> WHAT THE EXERCISE ASKS
Beginning at the first line of the material, output each line exactly until you reach and include the line containing "granny cat costume". Leave every picture out.

> SUPPLIED INFORMATION
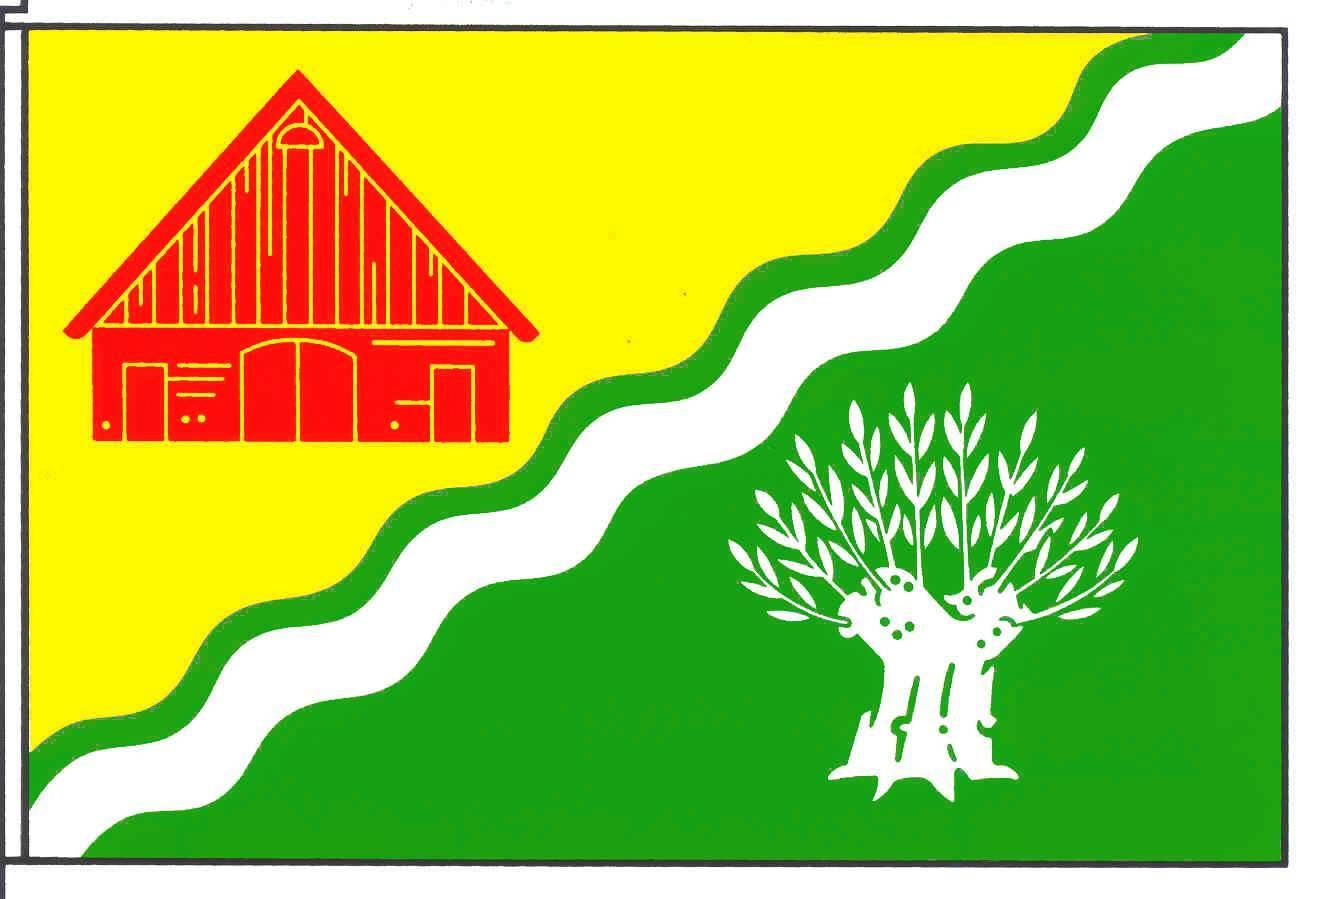 Flagge GemeindeNeuendeich, Kreis Pinneberg
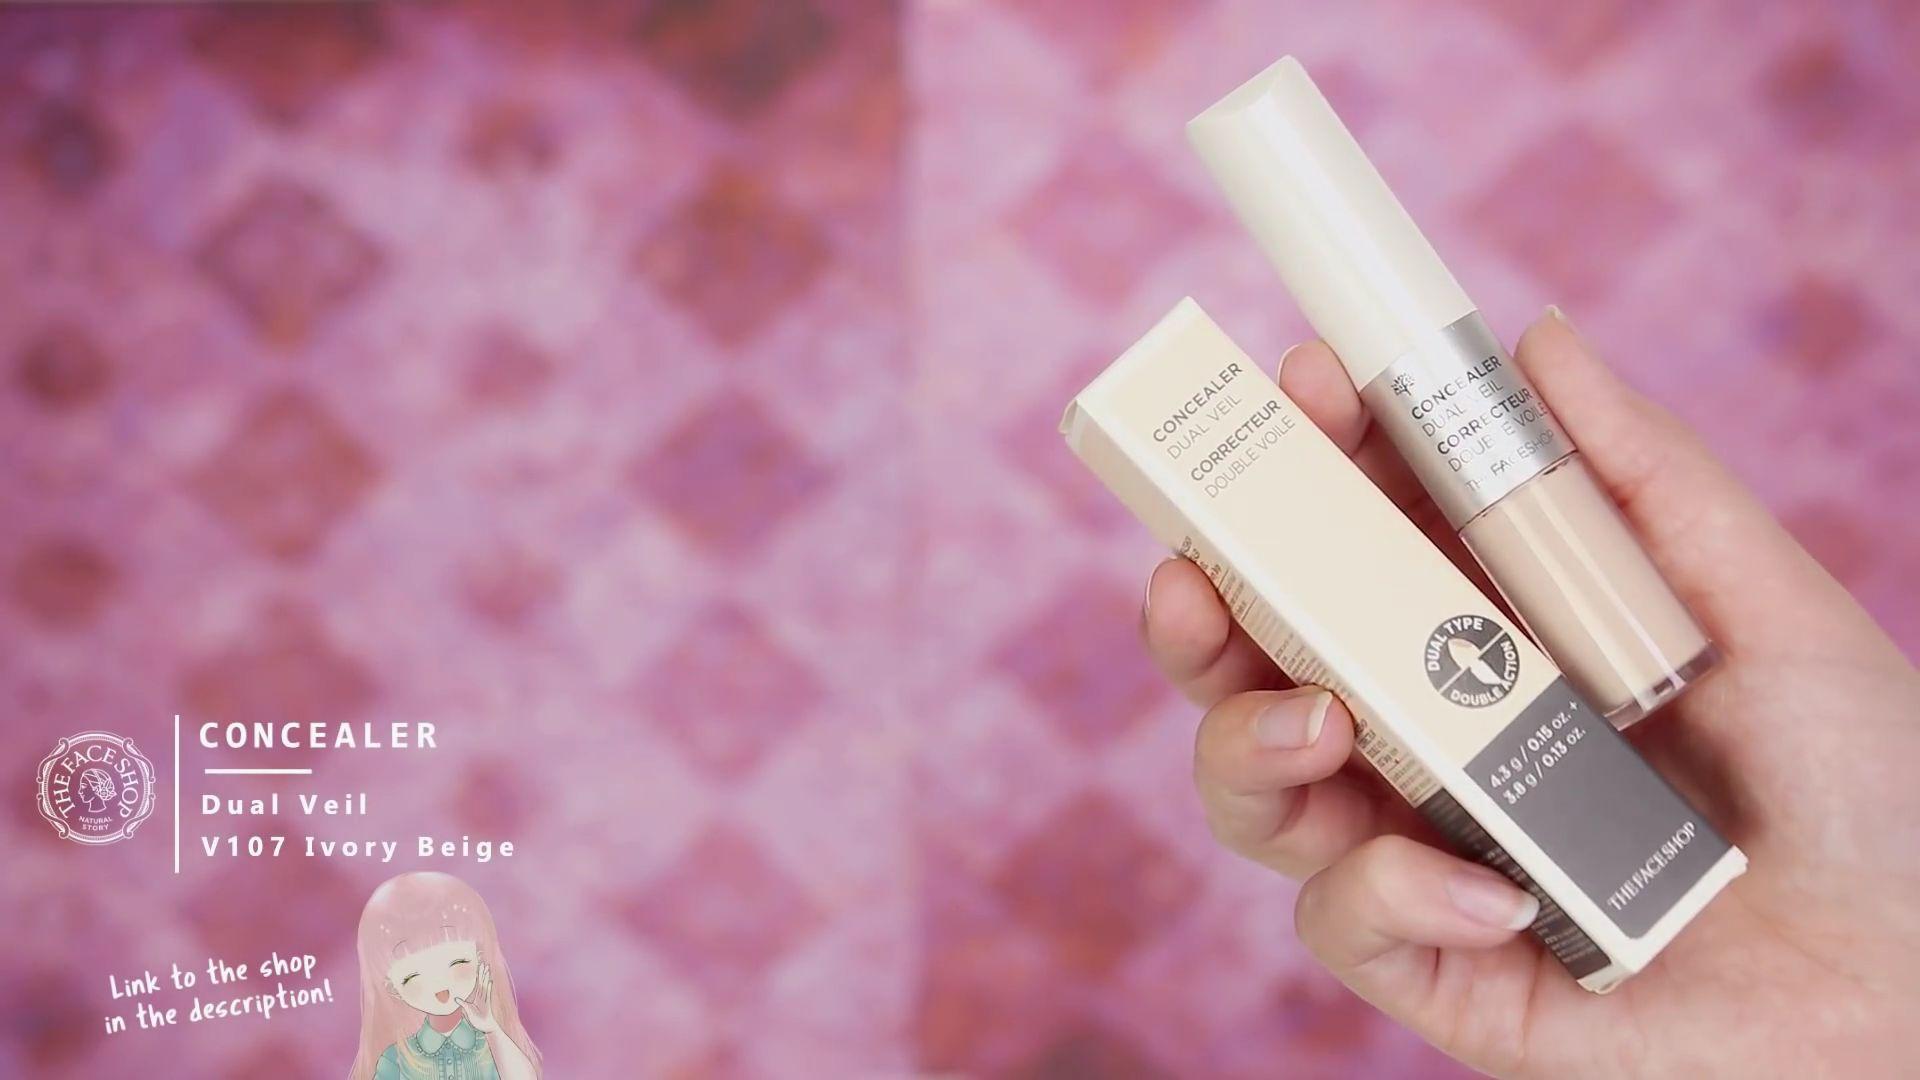 Misa Amane Cosplay DIY en 9 pasos: Concealer del color Dual Veil V107 Ivory Beige de la marca THE FACESHOP.
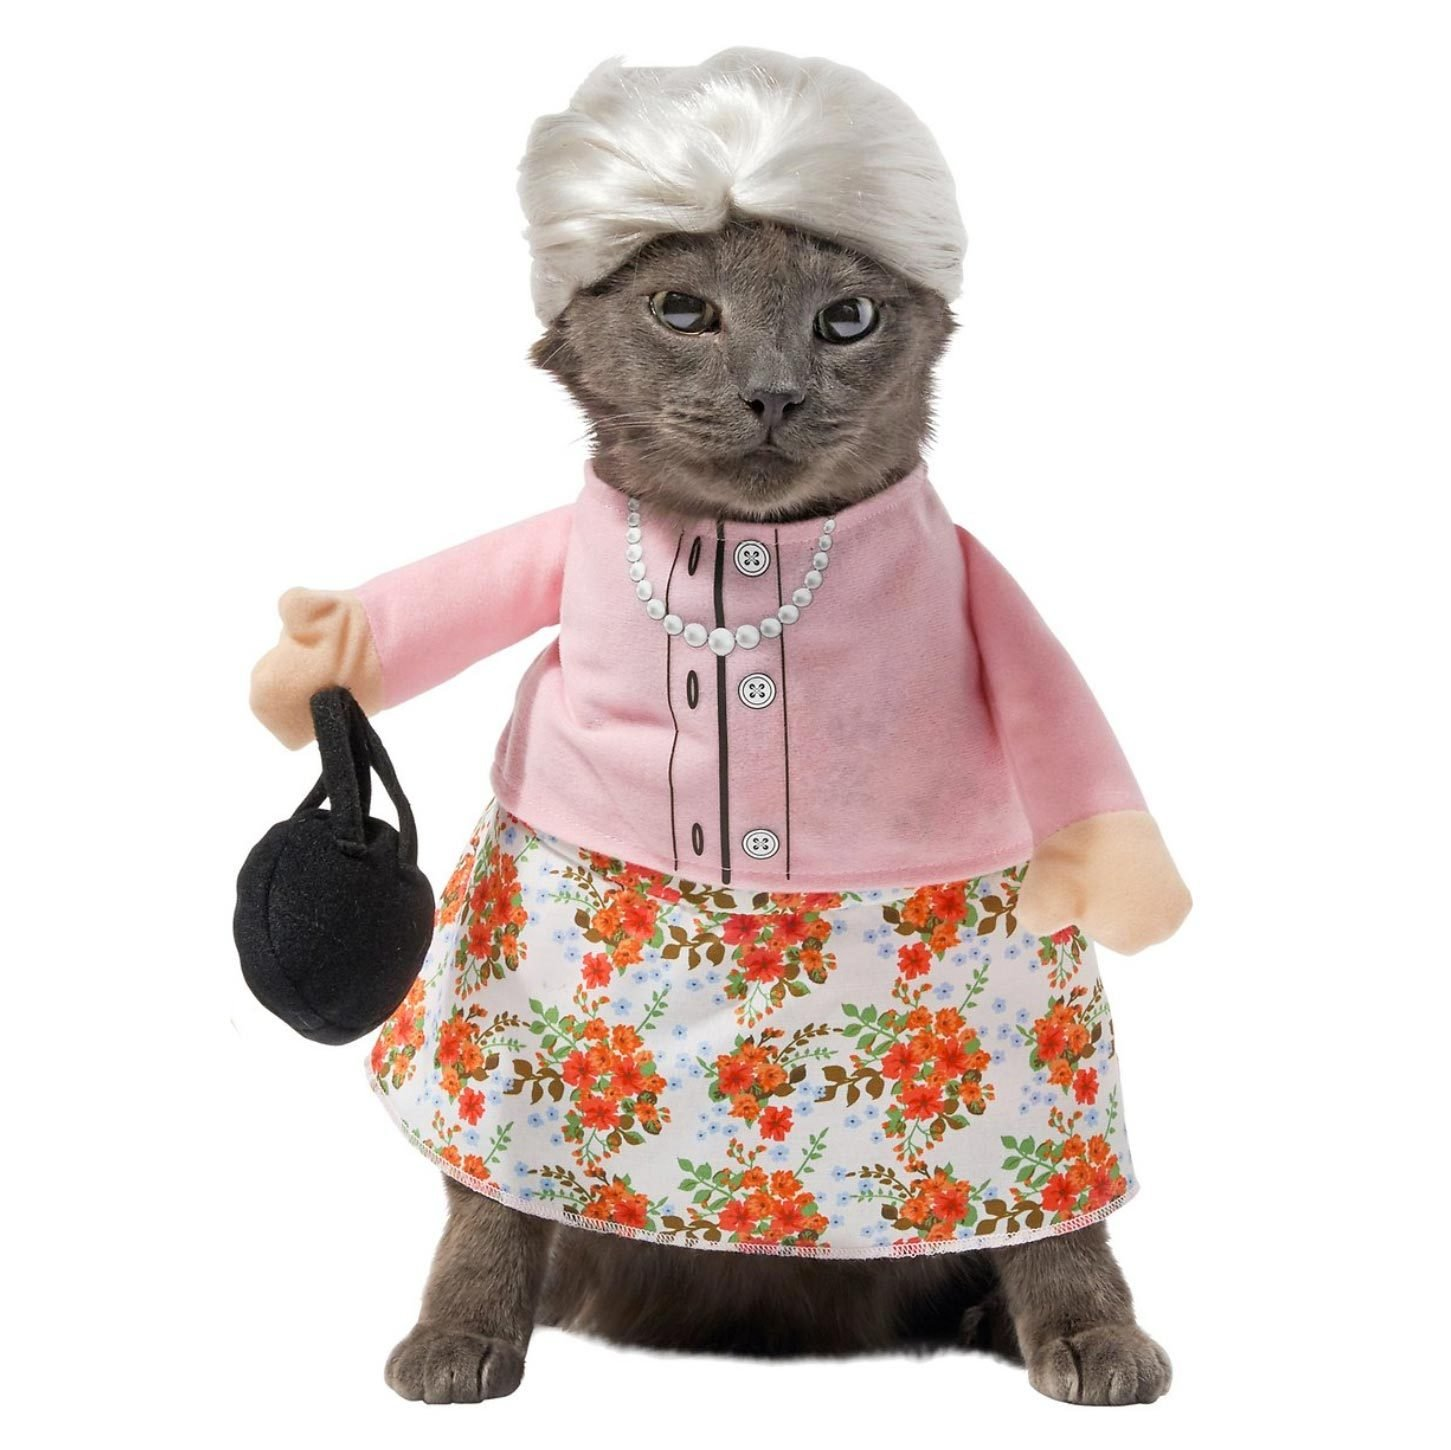 granny cat costume
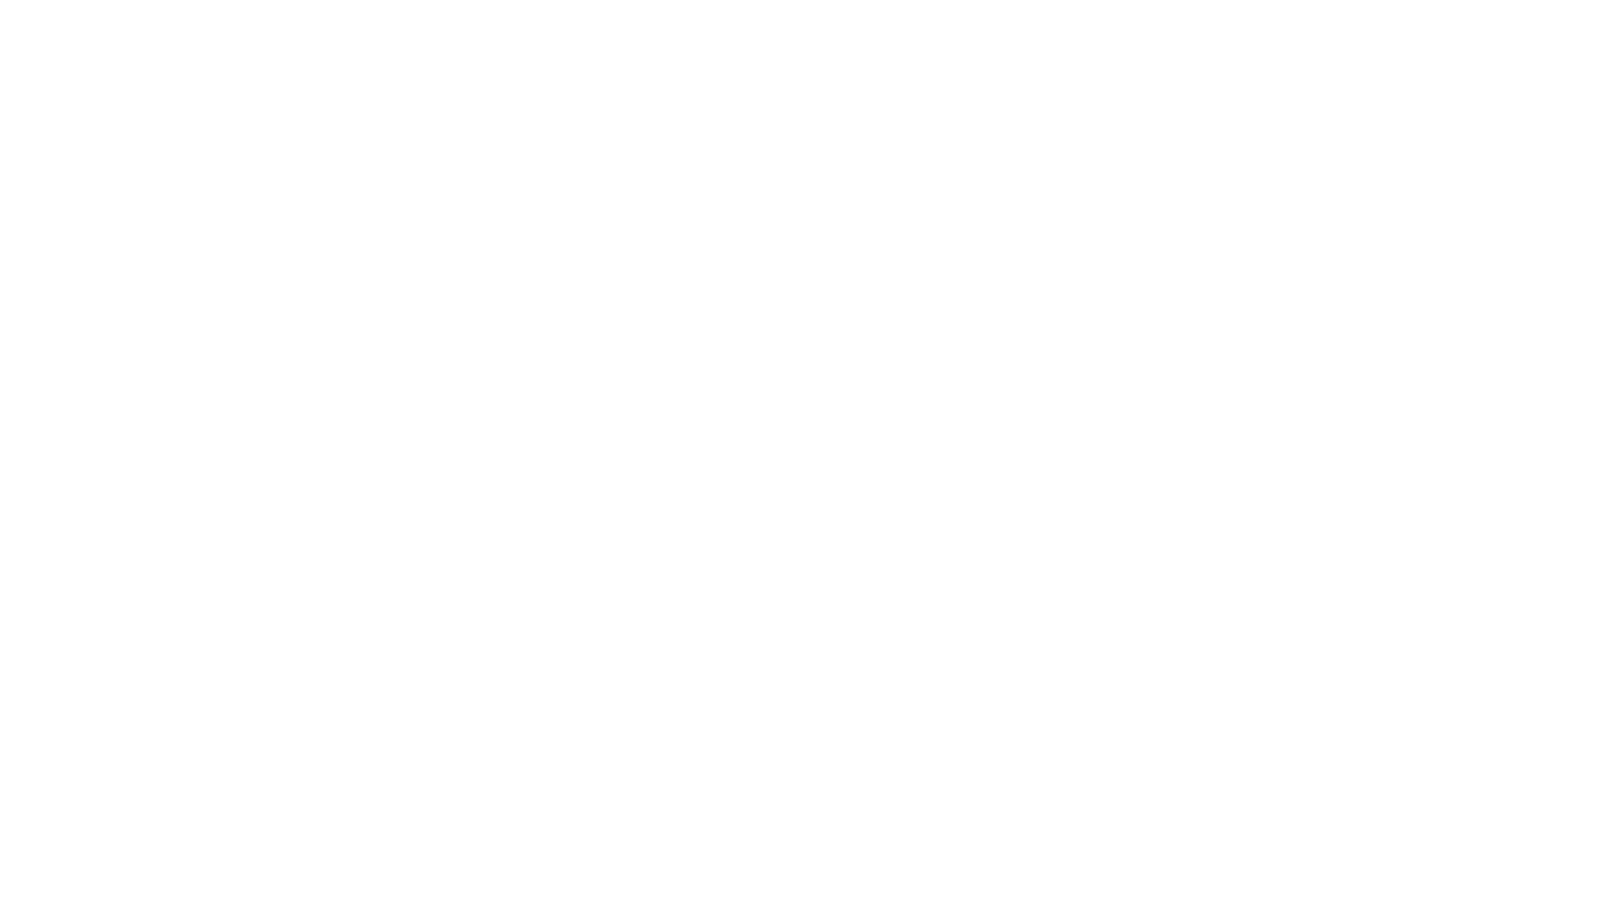 """Expositor de bebidas embaçando? Aprenda como evitar!  O seu expositor de bebidas está embaçando e dificultando a visualização dos seus produtos, atrapalhando suas vendas e o seu negócio? Nesse post você entenderá como isso ocorre e quais as maneiras de evitar que isso aconteça.  Portanto, vamos entender como o embaçar do vidro do seu expositor ocorre e o que você precisa fazer para evitar esse problema. Confira!  Por que o vidro embaça? O embaçar do vidro se chama """"sudação"""". Esse efeito acontece devido a interferências de umidade e temperatura vindas do ambiente externo e que são diferentes da temperatura encontrada no ambiente interno do refrigerador.  Quando fora do refrigerador, a água se encontra em estado de vapor no ar, mas quando entra em contato com o vidro, ocorre o efeito de condensação, fazendo com que a água se transforme em gotículas devido a mudança de temperatura.  Nesse caso, quando o vapor da água, que está em uma temperatura mais elevada, encontra o vidro do refrigerador, que está em uma temperatura mais baixa, ela se condensa e se transforma em gotas.  Por isso, a temperatura do vidro precisa sempre estar semelhante a temperatura do ambiente externo, para que essa condensação da água não aconteça.  Por fim, para que o seu refrigerador expositor de bebidas funcione sem embaçar, é preciso ter alguns cuidados. Veja a seguir!  1. Cuidado no uso Para que o seu equipamento tenha uma vida longa e útil, é preciso tomar alguns cuidados na hora do seu uso.  Manter a sutileza quando abrir e fechar as portas do seu refrigerador, não batendo e não usando de força desnecessária, pode ser um grande diferencial para manter o bom funcionamento do seu equipamento.  2. Manutenção de gaxetas Para evitar que seu refrigerador apresente problemas, mantenha a limpeza sempre em dia, pois a sujeira pode ser um dos fatores que prejudicam o equipamento, levando ao mau funcionamento e até a perda de vida útil.  Por isso, limpe sempre as gaxetas (aquela borrachinha que fica na"""
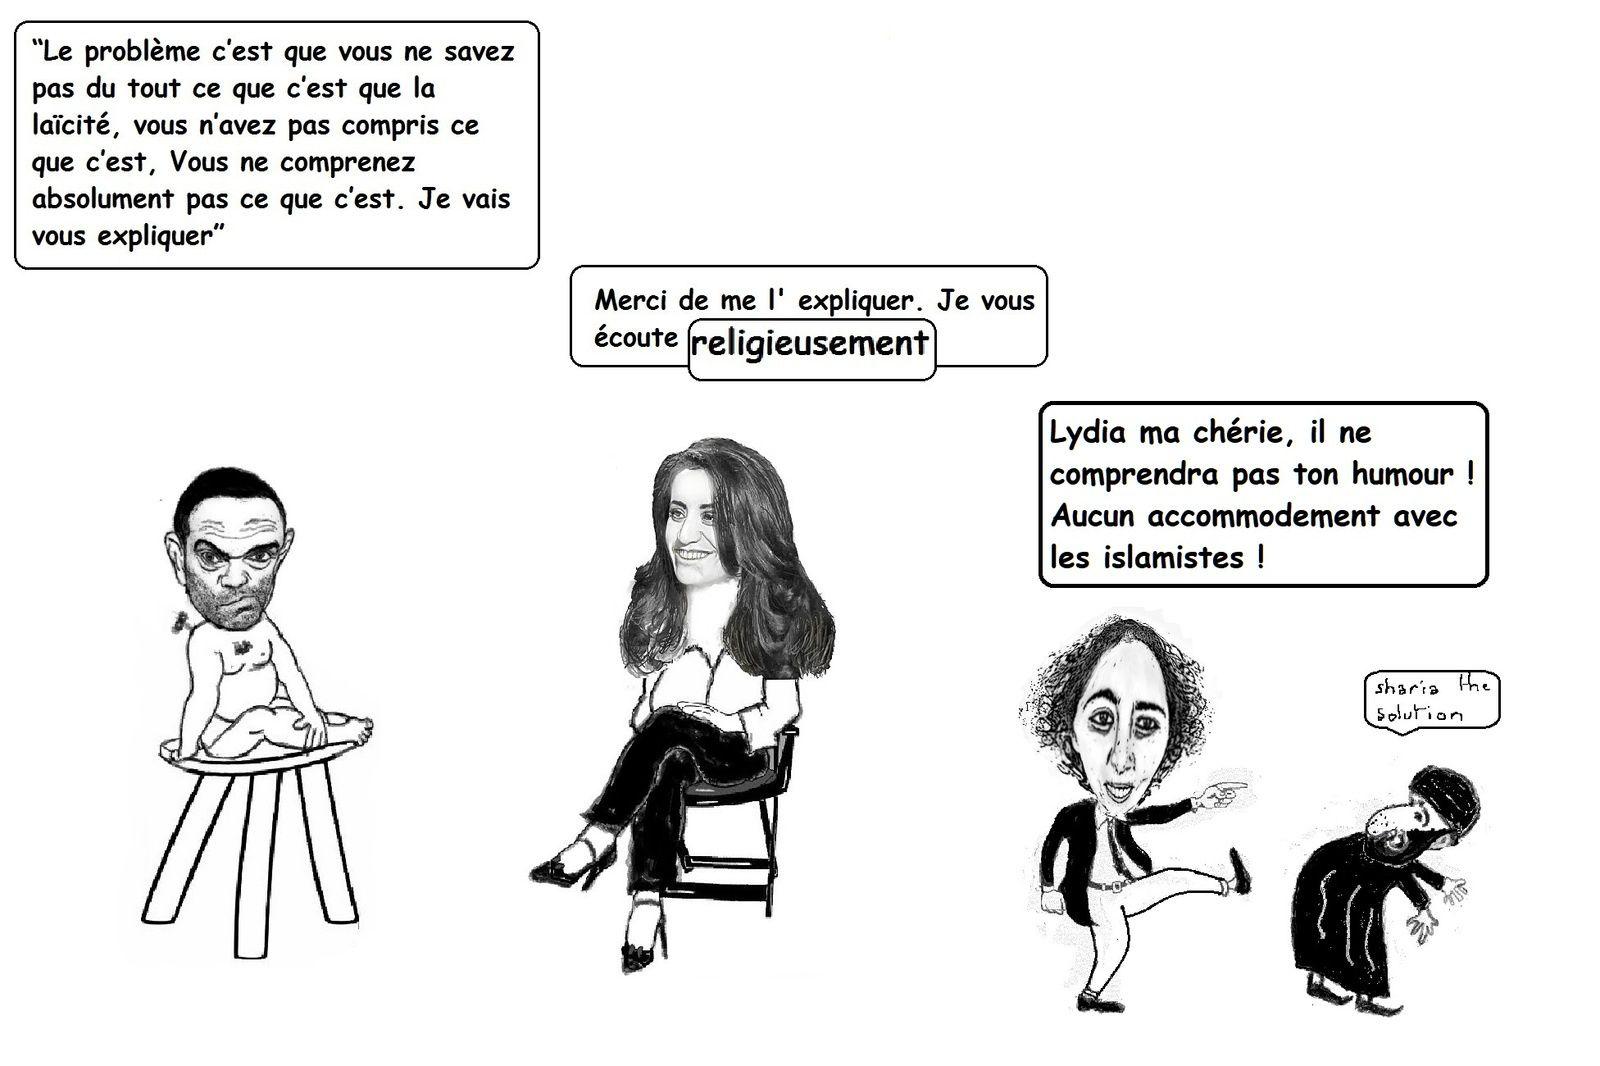 """Hommage à Lydia Guirous, Zineb El Rhazoui, Jeannette Bougrab, Zohra Bitan, Fatiha Boudjahlat et  Fadila Maaroufi, cinq femmes françaises et une belge contre les """"accommodements raisonnables"""" vis à vis de l' Islam intégriste."""

> OUTPUT OF THE EXERCISE
 Flagge GemeindeNeuendeich, Kreis Pinneberg
 Misa Amane Cosplay DIY en 9 pasos: Concealer del color Dual Veil V107 Ivory Beige de la marca THE FACESHOP.
 granny cat costume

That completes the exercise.